Tiziana La Melia
organized by Jen Hutton
9 June to 13 August 2011
For a period in the early 1980s, Liz Magor made a series of sculptures and bookworks based on a seemingly insignificant anecdote. Each work articulated the story of Dorothy, an acquaintance of the artist, who for most of her life remained at 98 pounds—a weight that the woman most identified with—though she recorded several fluctuations at various points in her life. The Most She Weighed / The Least She Weighed, a sculpture that Magor completed in 1982, visualized Dorothy’s lifetime using two collections of cast lead objects—such as eggs, bananas, and light bulbs—on a pair of metal shelves to approximate these two extremes.

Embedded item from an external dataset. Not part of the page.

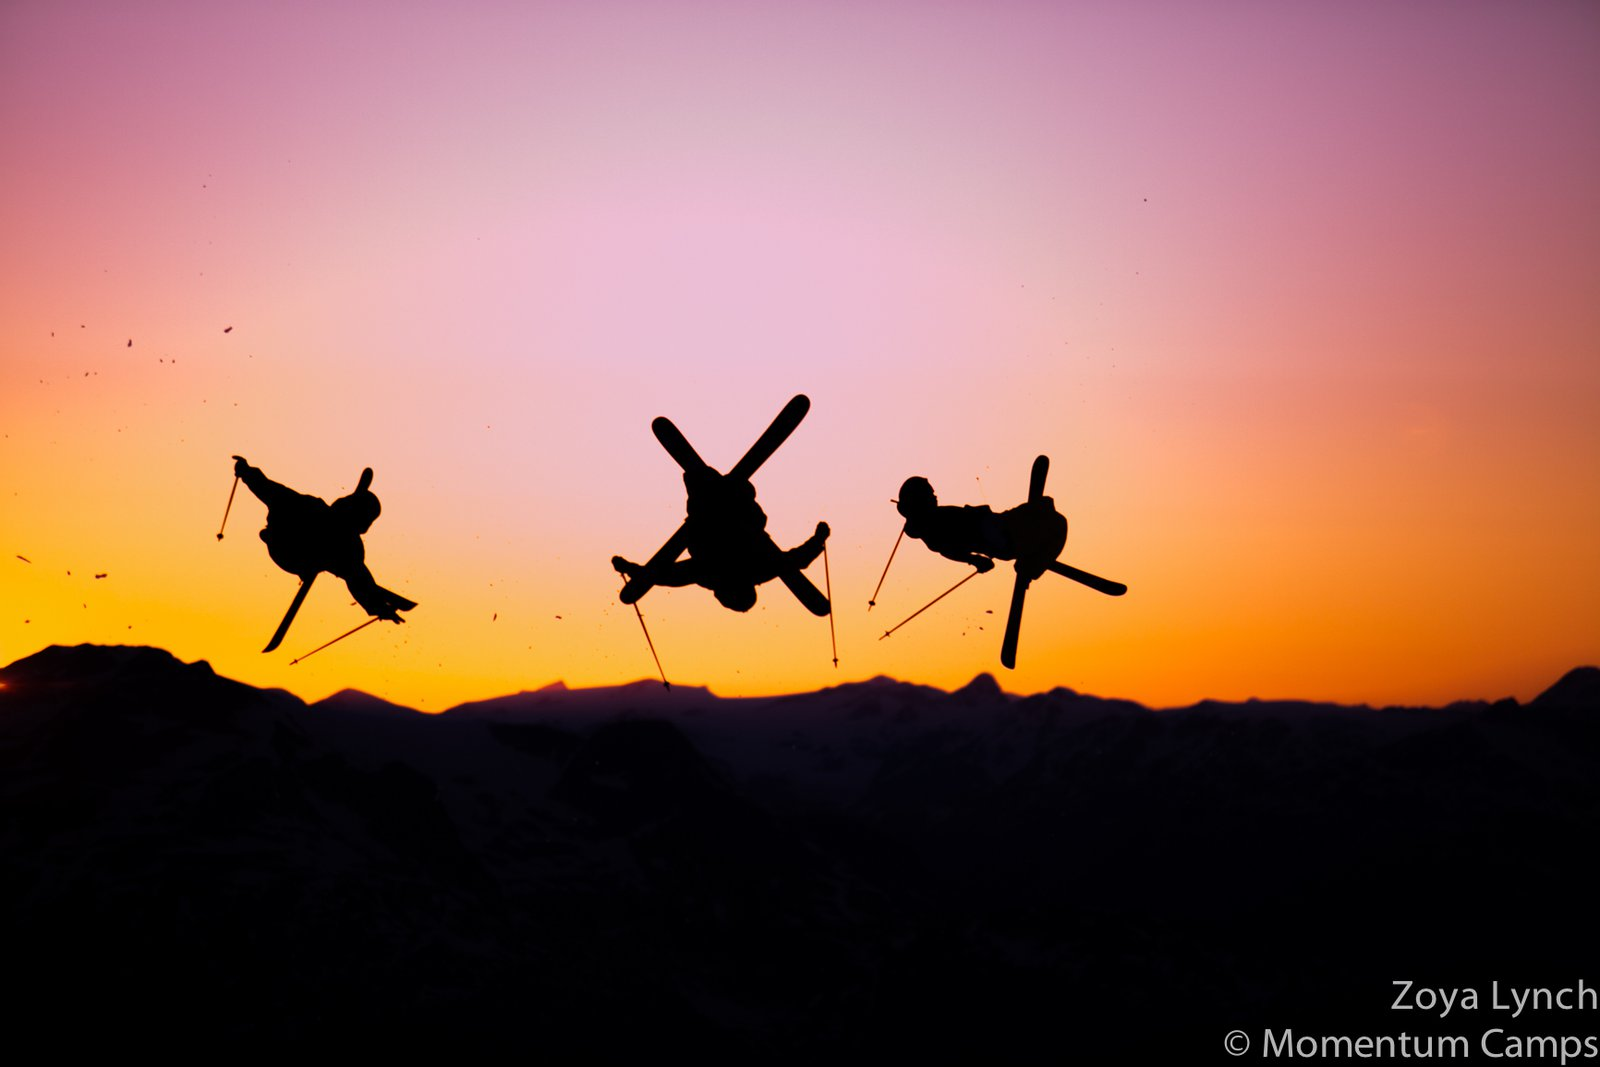 Friends in the sky :)

It is curious to think, in an age where representations of one’s identity seem hinged on more pressing concerns—political, sexual, racial—how weight, articulated as tangible objects in Magor’s work, becomes a qualifier for someone’s lifetime. Similarly, Felix Gonzalez-Torres’s candy spills come to mind, in the sense that the objects that comprise his portraits generate an overwhelming presence of lives lived, as well as a sense of absence as they are dispersed and depleted.
It is within this framework that the group exhibition The Most She Weighed / The Least She Weighed begins by bringing together a selection of works that “bracket” a biography of a woman that, in this case, doesn’t really exist. Her presence and her absence are described through works that evoke a body, or allude to weight as a state of mind. These works sketch out a portrait of a person who might be or once was, but one that is far from complete.
The exhibition’s narrative impulse prevails in the accompanying reader, an anthology of previously published writing by Tiziana La Melia, Liz Magor, Daphne Marlatt, Sandra Meigs, and Michael Snow.